I was too astonished to respond immediately. How could she have known? Hmm. Perhaps she no longer heard me manipulate the microscope and she had deduced that I was finished. I should have worked at a human speed, after all; she was going to find my rapidity strange.
I told myself that I could lie and claim that I wasn't yet finished. I could play with the microscope to give credence to my lie.
"I'm done, yes."
The words came out on their own. I realized that I didn't want to lie to her. I wanted to be as honest as I could while still keeping my nature secret.
I was troubled by my sudden desire for candor.
"Good," she said. She didn't seem the least impressed by my speed.
Apparently, she too had finished. On her screen I could see a long, precisely rendered essay describing the phenomenon of mitosis.

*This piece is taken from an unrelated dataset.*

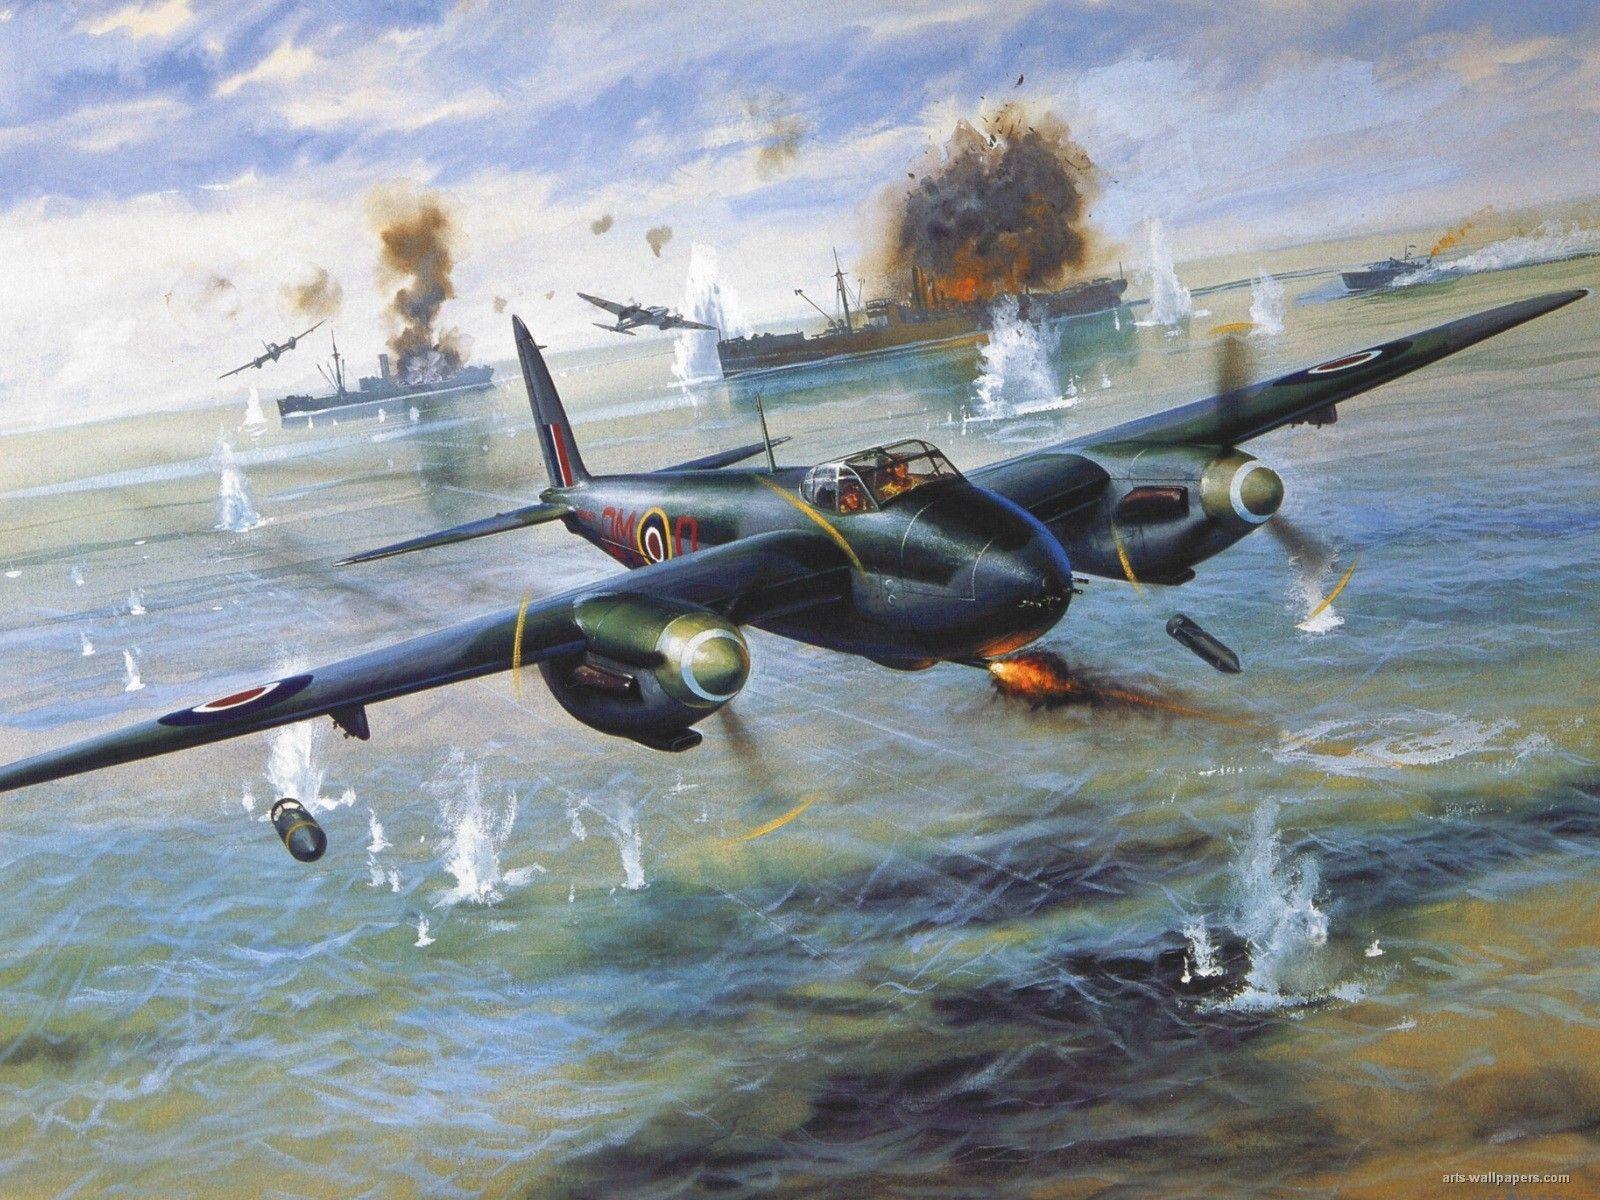 Best guns wallpaper: Image ww2 planes world war 2 planes

"Could you do me a favor?"
A student asking a Cullen for a favor? That had never happened before. The instinct for self-preservation subconsciously told humans to not trust us, and so no one dared ask us anything, even to borrow an eraser. But Bella Swan's subconscious wouldn't counsel prudence since she couldn't see the predator in me
"I would like very much to do this lab."
"Oh."
Something pinched in my chest, but I couldn't figure out its source. Pity? Bella wanted to do what the other students were doing, to be treated like the others. Wasn't that what my family and I wanted as well? To be as human as possible, to be normal.
Discovering that I had something in common with this girl gave me a start. A start that fortunately no one around me noticed. For a long second, this observation disturbed me.
The hunter aspiring for the same thing as his prey. What irony.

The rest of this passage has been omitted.